Pour le présent volume, afin de respecter le cahier des charges, cent pages maximum, j’ai dû faire des choix terribles qui m’ont causé bien des nuits d’insomnie. L’attention portée aux recueils (et parfois même aux recueils de recueils) fait qu’il est souvent délicat de séparer un poème de l’ensemble dans lequel il se trouve. J’ai malgré tout choisi de présenter un choix de poèmes sans date ni référence aux recueils, afin que le lecteur français puisse, d’une certaine manière, se perdre dans cette poésie si originale et si émouvante.
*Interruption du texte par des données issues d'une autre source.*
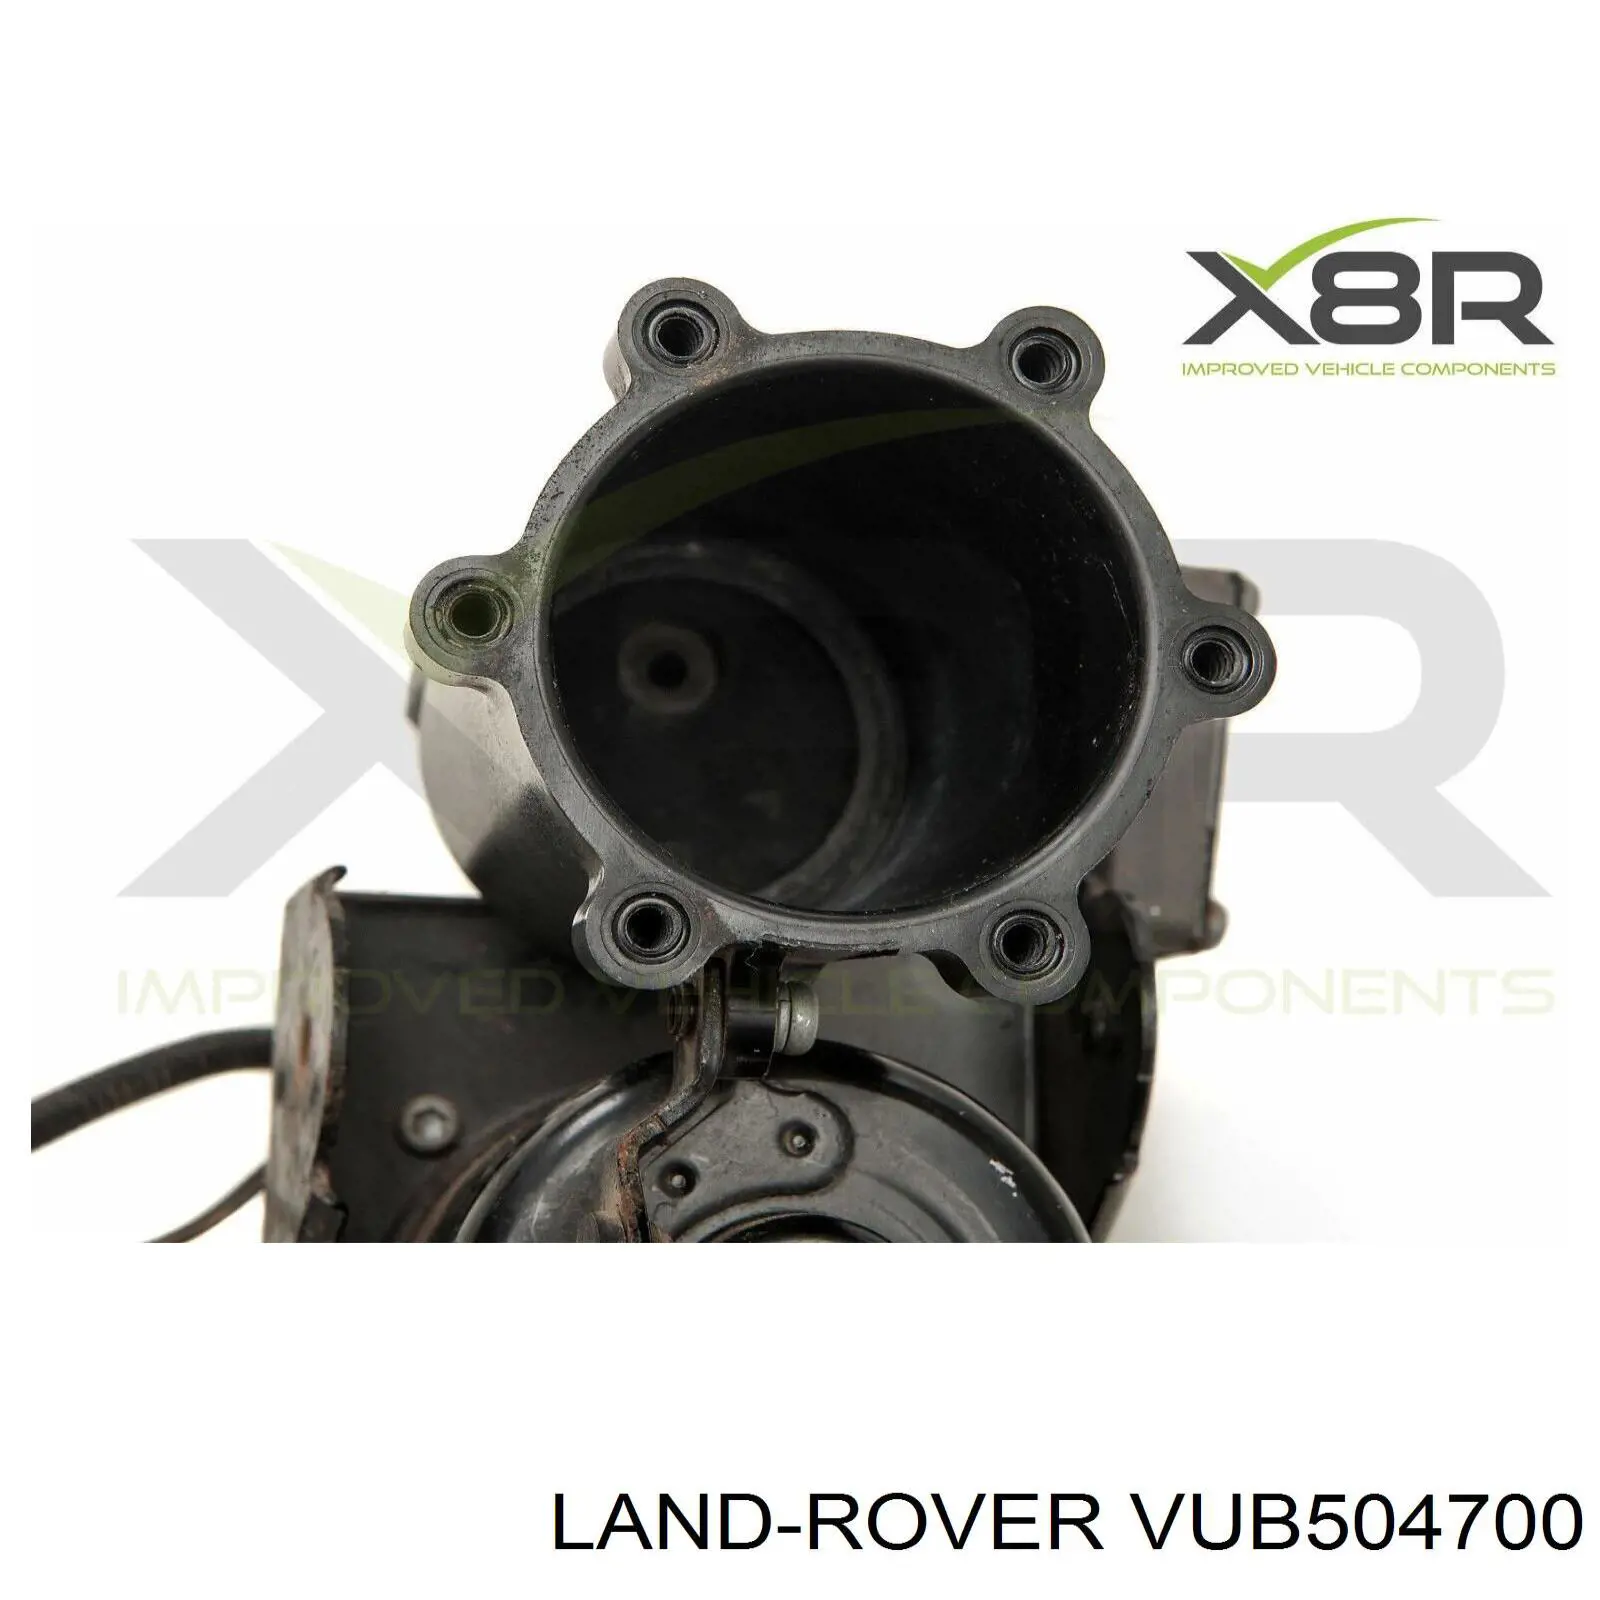 VUB504700 Land Rover осушитель воздуха пневматической системы

Mais j’ai gardé l’ordre chronologique : le lecteur pourra ainsi suivre le parcours poétique de Cabral, depuis ses premiers vers d’inspiration surréaliste jusqu’aux derniers poèmes d’une grande originalité. Cabral est le poète du dénuement, de la mort, de la dureté (« poème(s) de la chèvre » est évocateur) ; ce n’est pas le poète de la luxure, du faste. Il emploie des mots simples, des mots quotidiens, des mots réputés « non poétiques » ; pour autant, il sait aussi être un poète sensuel, presque érotique. J’ai essayé de montrer ces différents aspects avec ce recueil.

Cabral a été chanté par Chico Buarque et cela explique pour une part sa popularité au Brésil. Mais on ne trouve pas trace dans ses poèmes d’une quelconque attirance pour la chanson.

Bien qu’il ait été mis en chansons, Cabral était connu pour ne pas aimer la musique (à l’exception du flamenco, qui le fascinait). Pourtant, il y a d’évidence, dans sa poésie, une grande attention portée au rythme et aux sonorités. Dans le recueil Duas águas (Deux eaux), il sépare ses poèmes faits pour être dits à voix haute et ceux faits pour être lus en silence. La répétition, surtout, est très présente dans plusieurs vers. Pour un poète qui n’aimait pas la musique, ses vers sont très musicaux.

Peut-on penser qu’une traduction plus complète de l’œuvre accentuera sa dimension sociale ?

Cabral est issu d’un milieu favorisé, il vient d’une famille de sucriers du Nordeste. Lorsqu’il est envoyé en Europe après avoir passé le concours de l’Itamaraty (équivalent du Quai d’Orsay), il s’intéresse au marxisme. Il découvre que la mortalité dans l’État du Pernambouc, où il était né, est plus élevée qu’en Inde. Imprudemment, il écrit des lettres à ses amis où il défend ses nouvelles idées. Accusé de communisme dans les années 1950, il doit revenir à Rio de Janeiro. Après un procès, Cabral et d’autres diplomates sont expulsés de l’Itamaraty. Il devient alors un temps journaliste, traducteur… La dimension sociale est évidemment présente dans plusieurs poèmes de Cabral (par exemple dans « Chien sans plumes », qui évoque la vie misérable des « hommes-crabes » le long du fleuve Capibaribe, mais également dans d’autres poèmes qui évoquent le Sertão). Une anecdote résume bien cela : lorsqu’il était enfant, Cabral rencontrait en secret, le soir, les employés analphabètes de ses parents pour leur lire des histoires. Lorsque son père le découvrit, il lui interdit formellement de continuer.